Application of machine learning models and feature engineering to predict genomic phenomena
Abstract
This dissertation investigates two topics towards designing tiny machine learningbased
intelligent devices for biomedical applications. In the first section, feature engineering
and machine learning models are developed to predict two genomic phenomena: gene mutation
and differential gene expression. A hypothesis that features encoding interactions
between genes will improve gene mutation prediction performance is proposed.
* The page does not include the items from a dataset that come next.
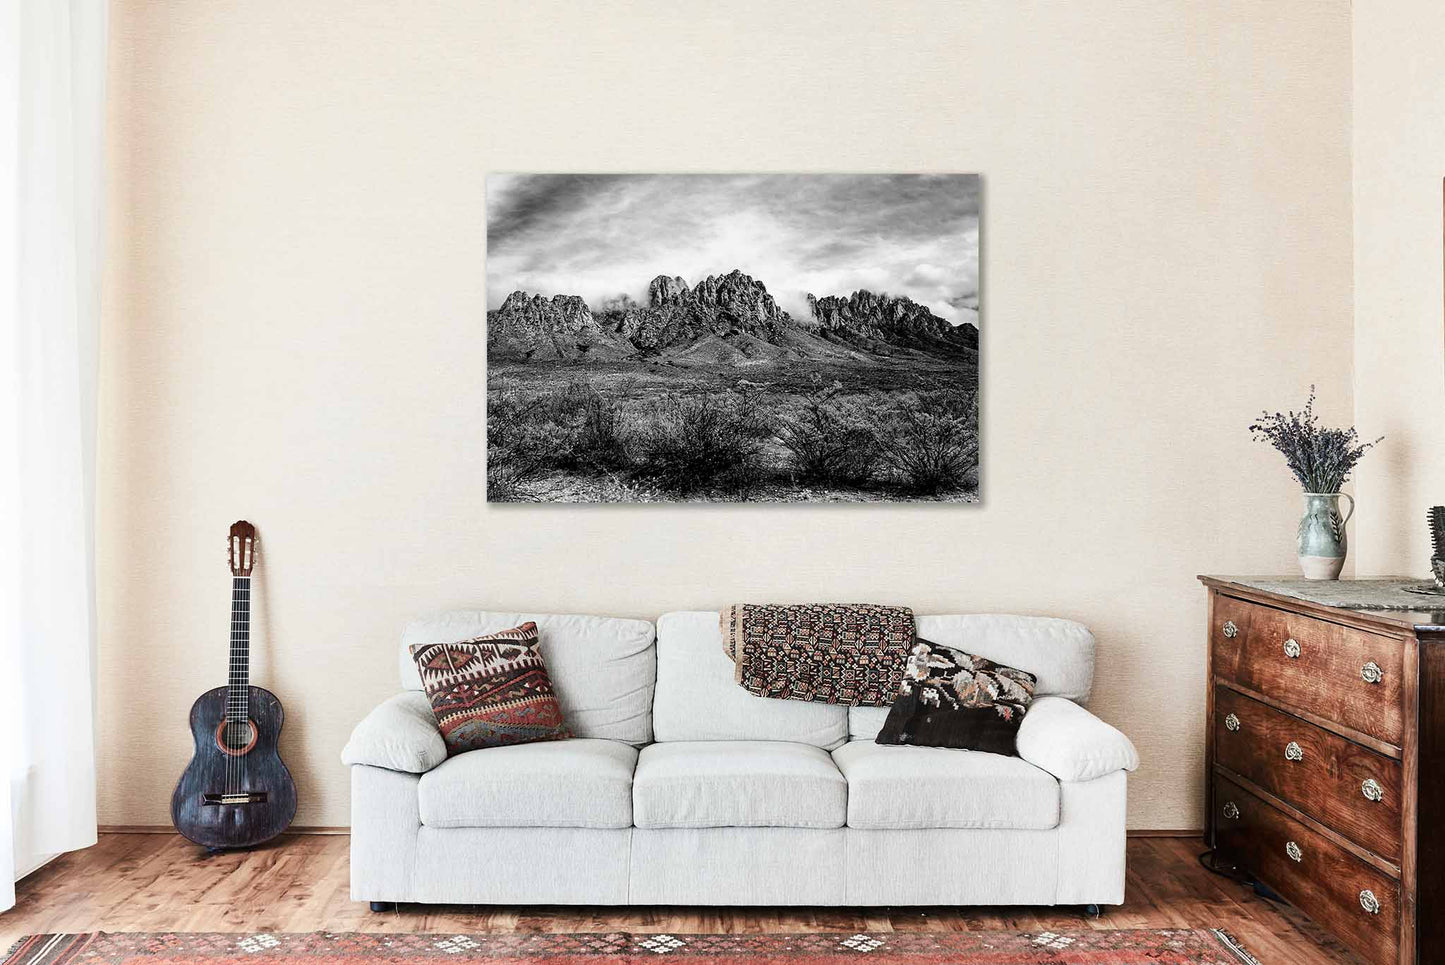 Landscape Metal Print (Ready to Hang) Black and White Photo on Aluminum of Organ Mountains near Las Cruces New Mexico Chihuahuan Desert Wall Art Southwest Decor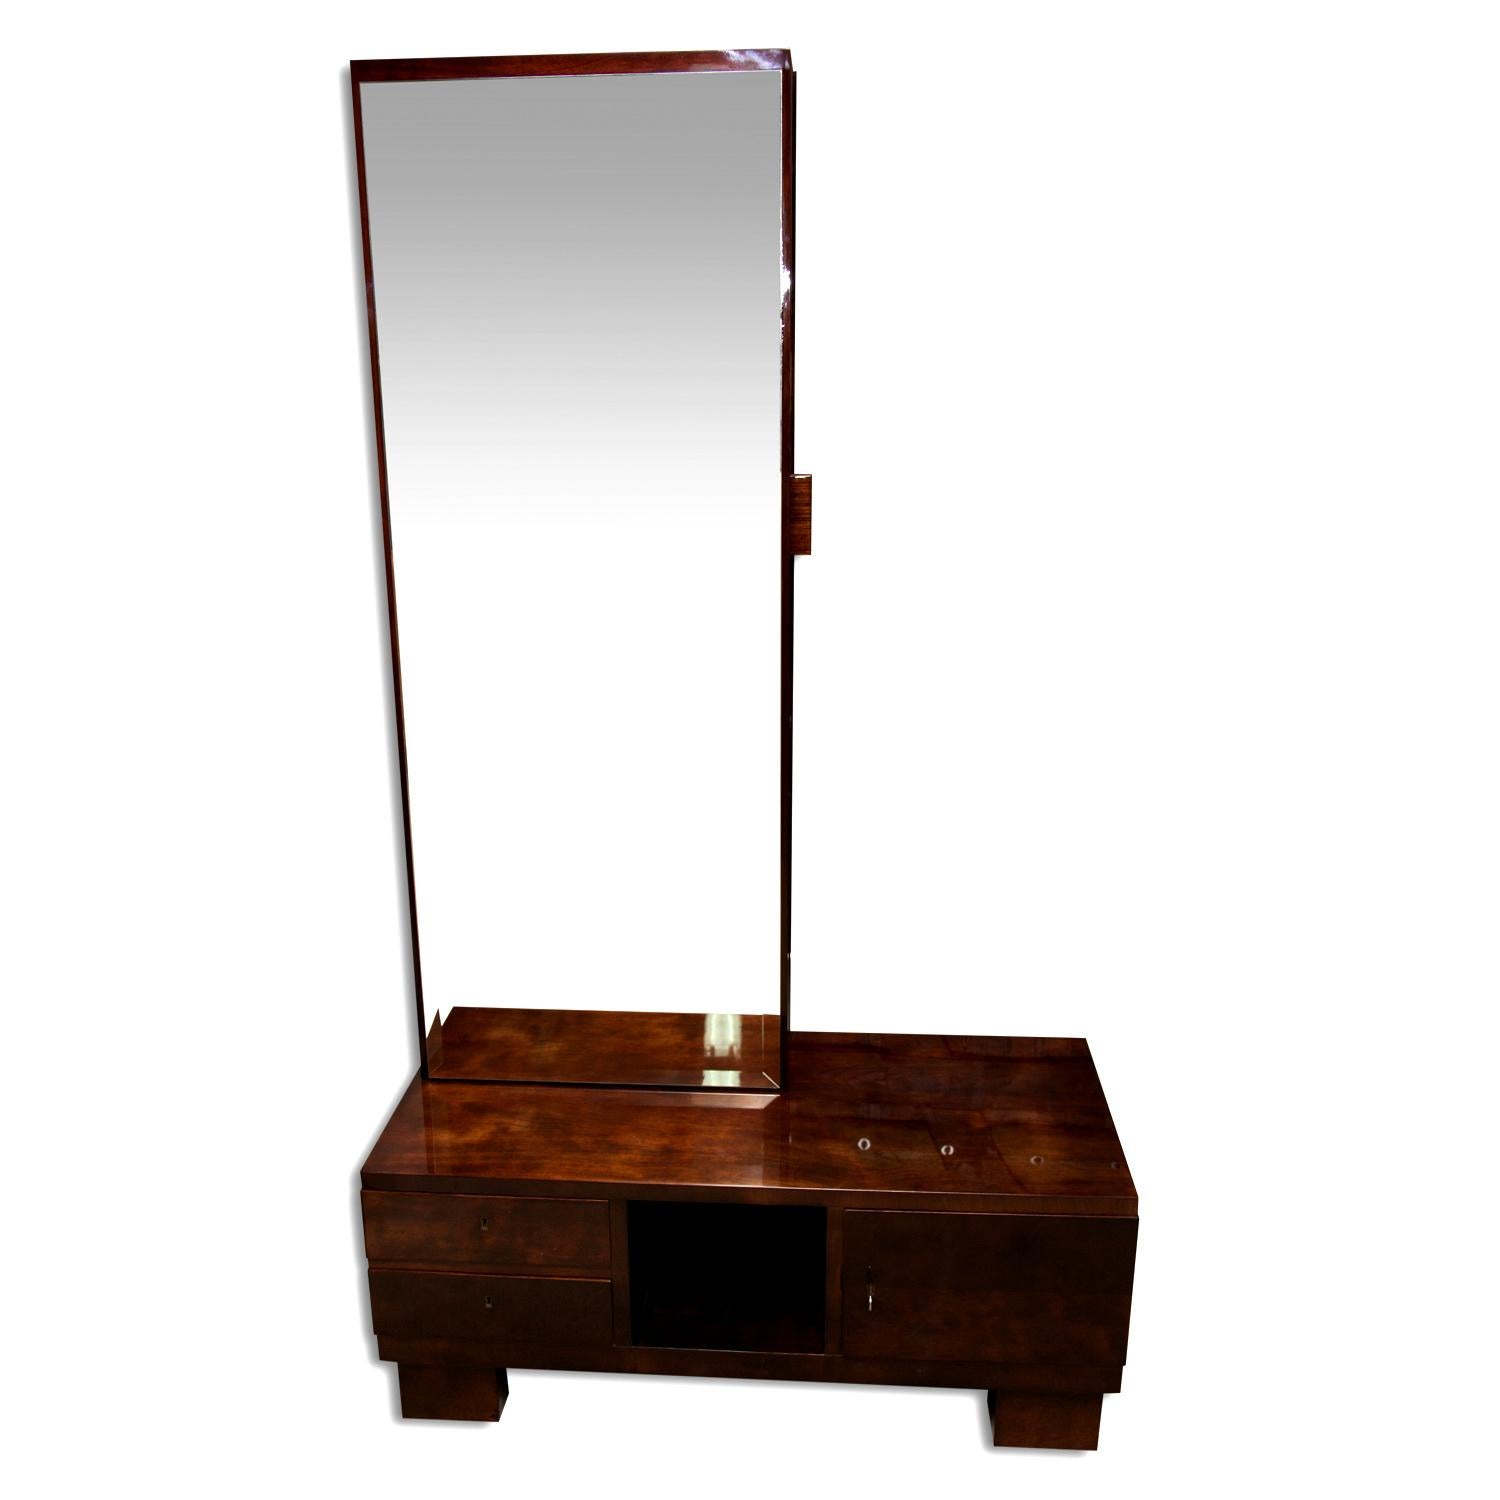 Luxurious functionalist vanity or dressing table-mirror with a drawer for toiletries on the side. It was made of solid wood with walnut veneer. The mirror is equipped with a storage space at the bottom. Very interesting design. It was made in the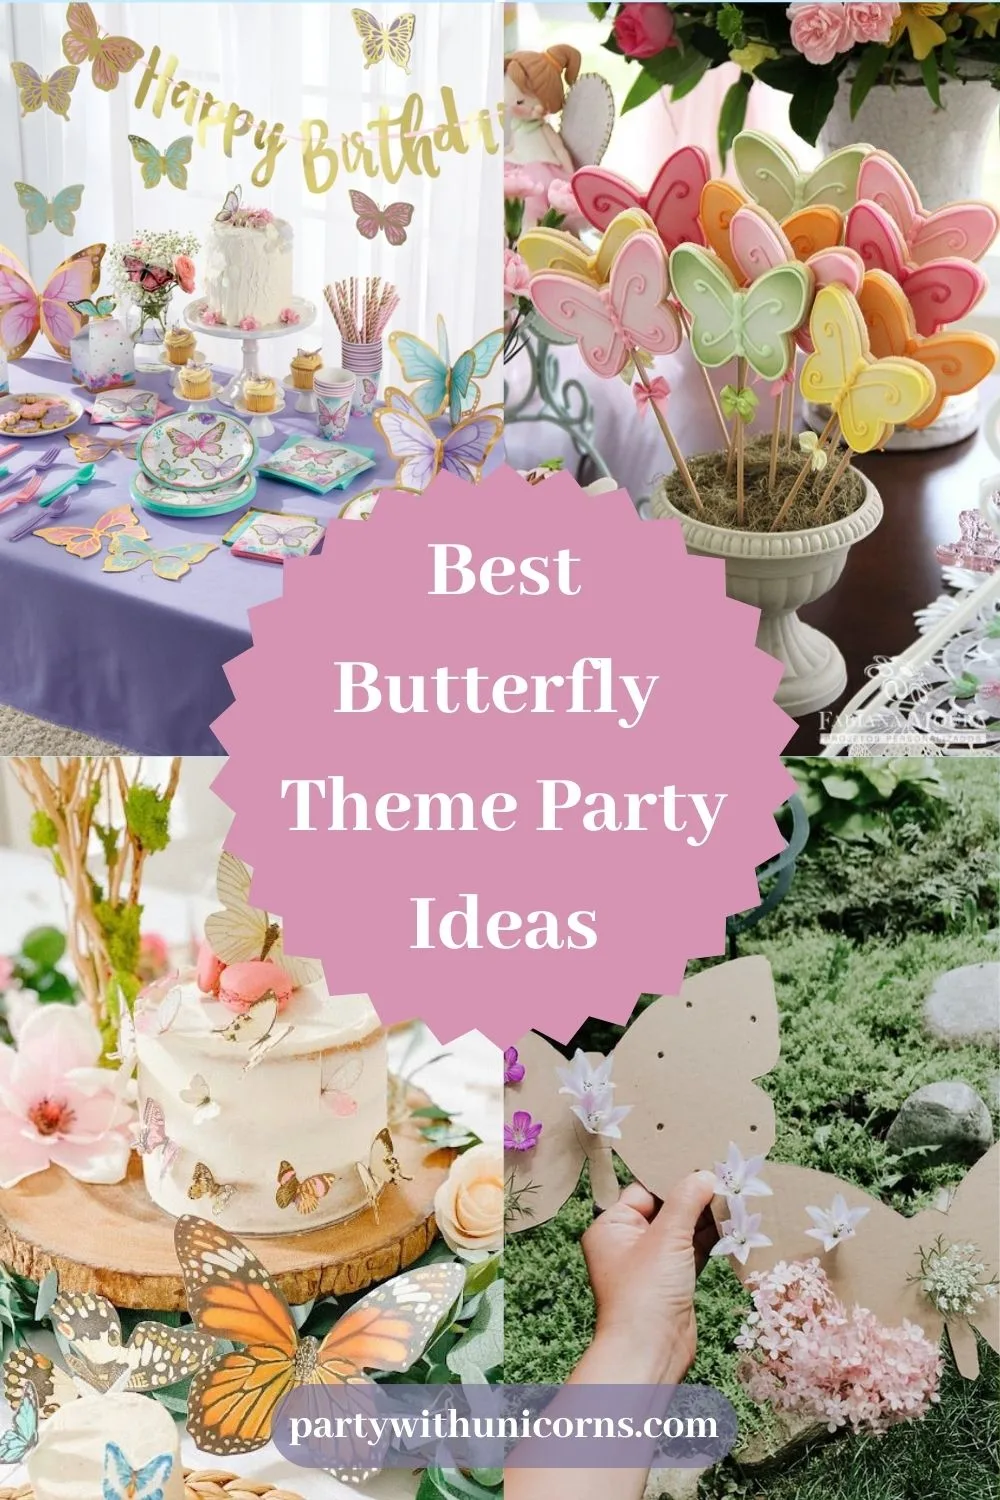 Best Butterfly Theme Party Ideas

To test this,
additional training features are engineered from protein-coding gene cofunctional networks
and combined with a mutation dataset of E. coli exposed to different conditions. Also,
a feature-selection algorithm based on gene cofunctional networks is presented. Then, a
support vector classifier, an artificial neural network, and an ensemble of both models are
trained to predict gene mutation using the extended dataset. A sequential mutation modeling
approach to predicting gene mutation is also presented. In addition, the prediction
of differentially expressed genes (DEGs) when exposed to conditions in space from a set
of diverse engineered features is investigated. DEGs and non-differentially expressed genes
(NDEGs) of house mouse (Mus musculus)-based experiments are collected and a unique feature
engineering procedure is proposed to generate key training features for machine learning
models. The results show that the proposed feature engineering procedure generates features
that boost the gene mutation prediction performance by a maximum of 8.74% in the receiver
operating characteristics curve (AUC). Additionally, the generated features in the prediction
of DEGs achieve a maximum and minimum AUC of 0.97 and 0.74, respectively.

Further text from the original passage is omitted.